Passei anos acreditando que ele era estuprador de uma mulher só, até tomar conhecimento de outras vitimas. O que me estimulou a mostrar o rosto foi a tese da defesa, que dizia que Abdelmassih enfrentava “vítimas sem rosto”.

Quando montou a associação?

Foi em 2011, quando ele se tornou um foragido. Eu já trocava mensagens com outras vítimas que mostraram a identidade. A gente sempre fez tudo por meio de redes sociais, mas a comunicação ficou mais intensa depois que ele fugiu. Foi então que decidi criar formalmente a associação.

Como ela funciona?

Hoje somos seis vítimas que mostramos o rosto, mas estamos em contato com muitas anônimas. Falo diretamente com vinte mulheres, algumas moram fora do Brasil — na Europa e Estados Unidos. Há uma divisão de tarefas. Eu sou a responsável por falar com denunciantes e receber os documentos, inclusive respondo civil e criminalmente por eles. As outras têm o papel de dar suporte às vítimas que nos procuram.
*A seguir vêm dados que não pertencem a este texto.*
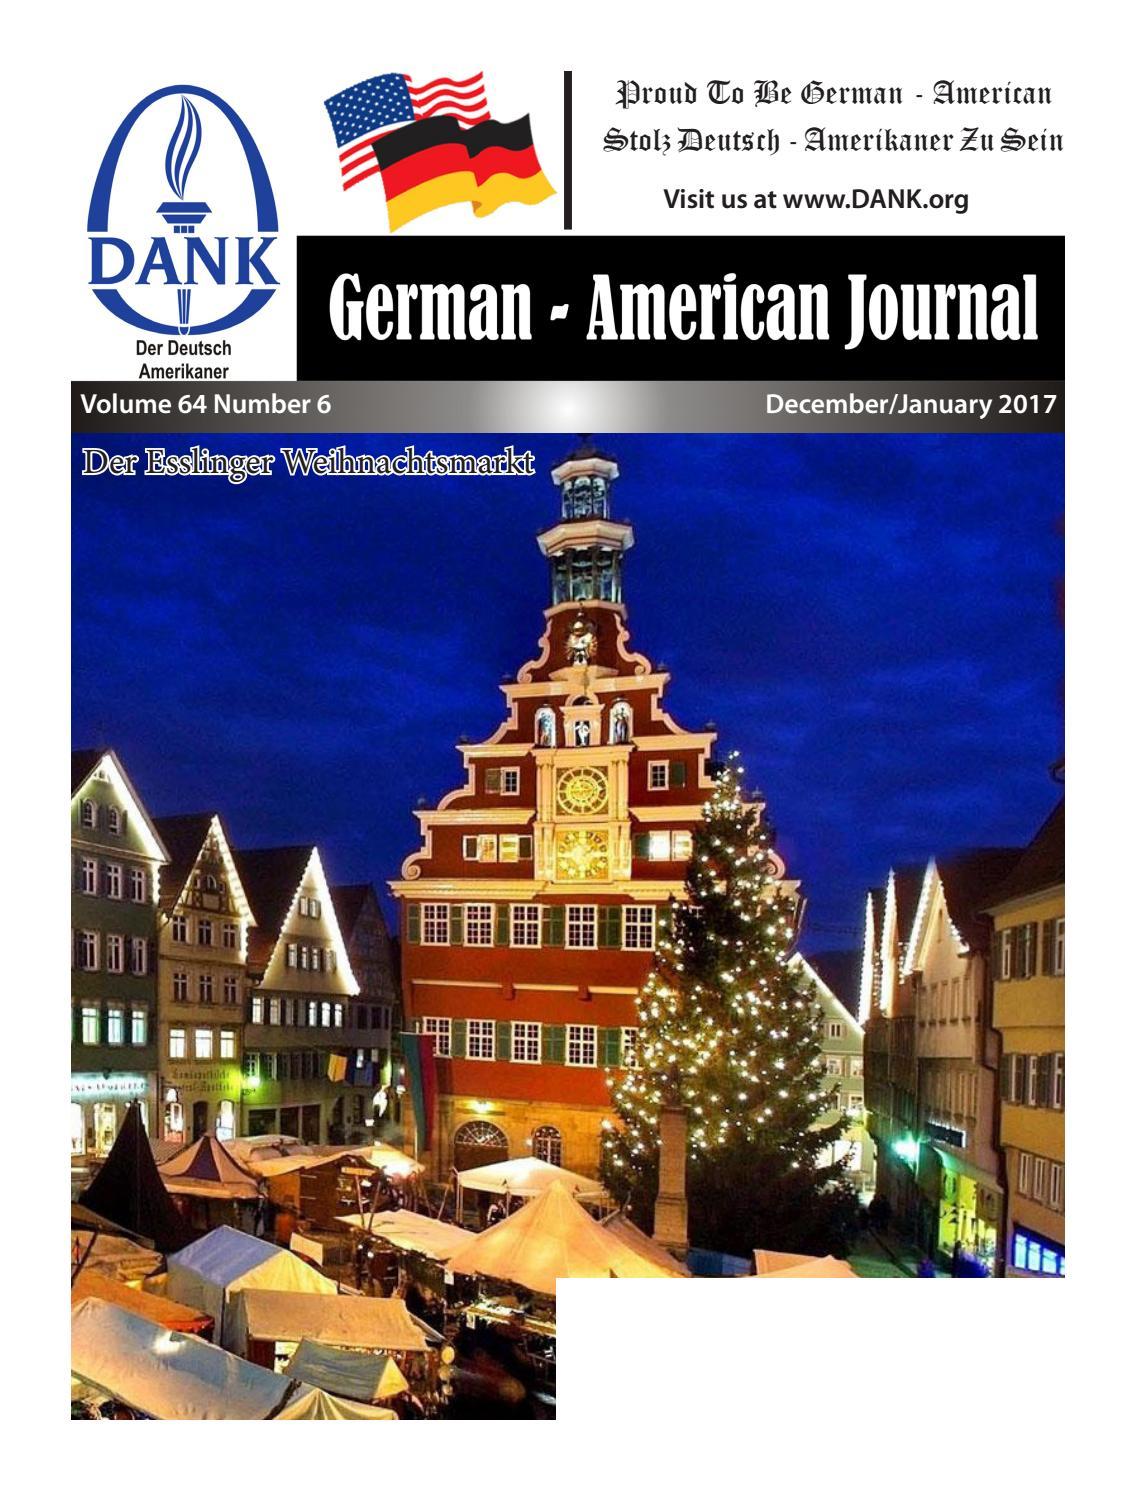 Dank journal dec jan 2016 by DANK Journal - issuu
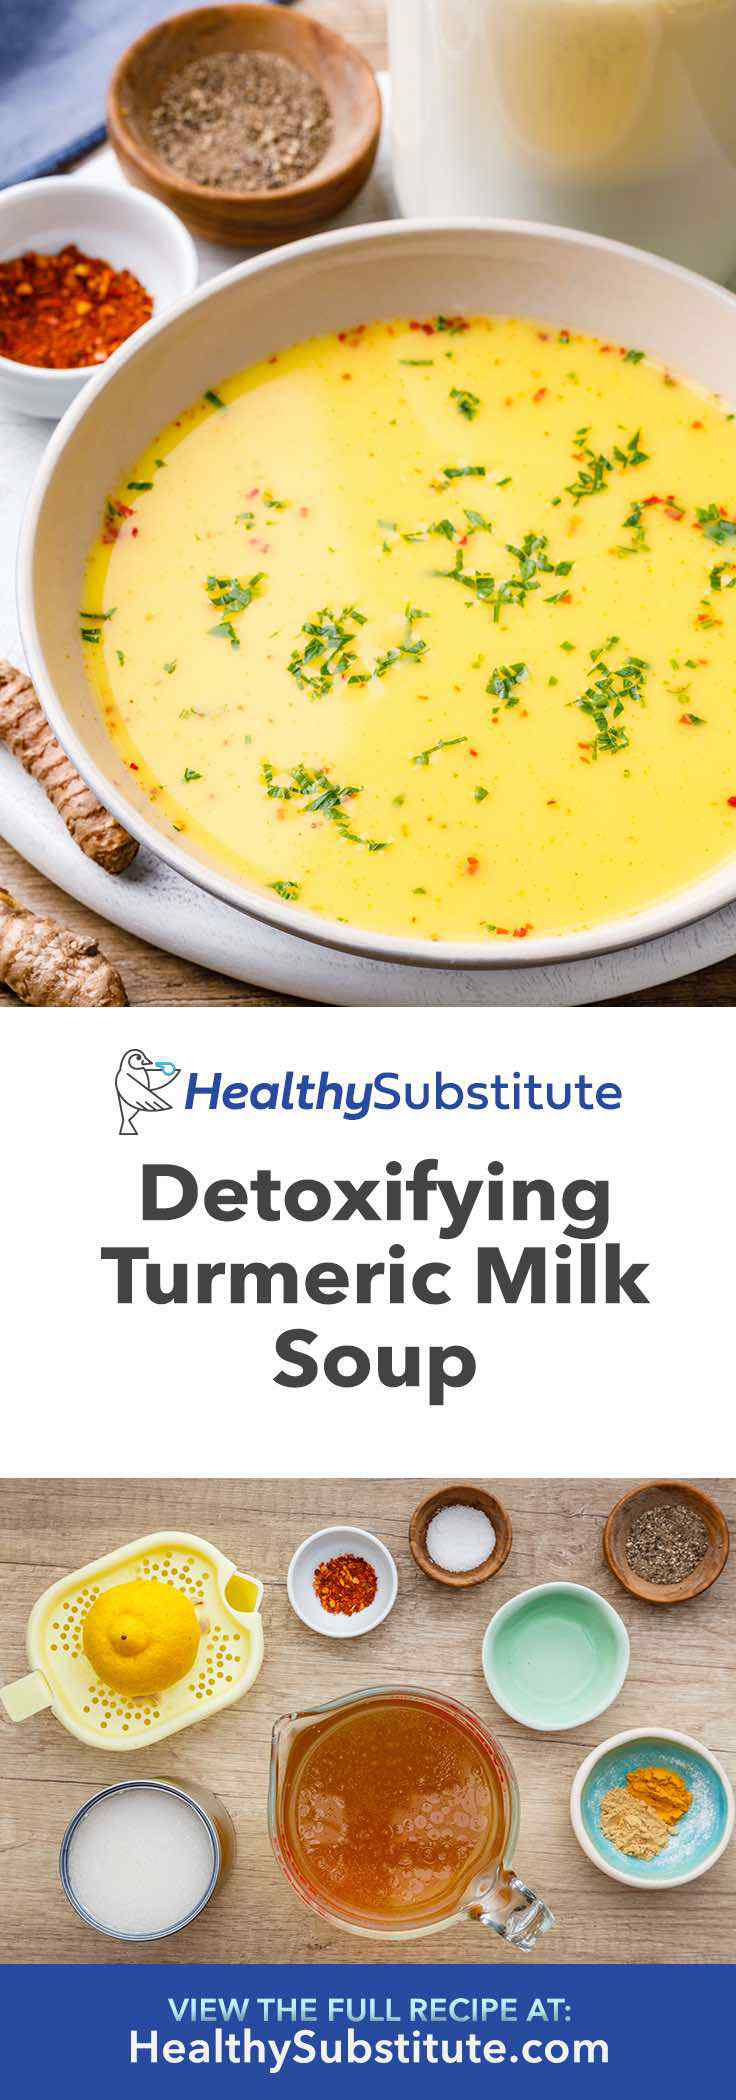 This detoxifying turmeric milk soup is incredible.

Vocês trabalham sozinhas ou têm ajuda de algum órgão público?

Por muito tempo atuamos sozinhas, mas recentemente passamos e ter contato com a Secretaria de Segurança Pública de São Paulo que está nos dando suporte.

Quando Roger Abdelmassih for capturado a associação acabará?

Recebemos denuncias de diversas espécies. Muitas pessoas nos procuram para relatar abusos que sofreram de outros estupradores. Nossa ideia é continuar ouvindo vítimas e denunciantes e ajudar na busca de outros procurados.

Por que decidiu mostrar seu rosto?

Mostrar o rosto dá força e credibilidade a uma denúncia. Quando ela se esconde, deixa o agressor mais forte. Somos vítimas e não coitadas.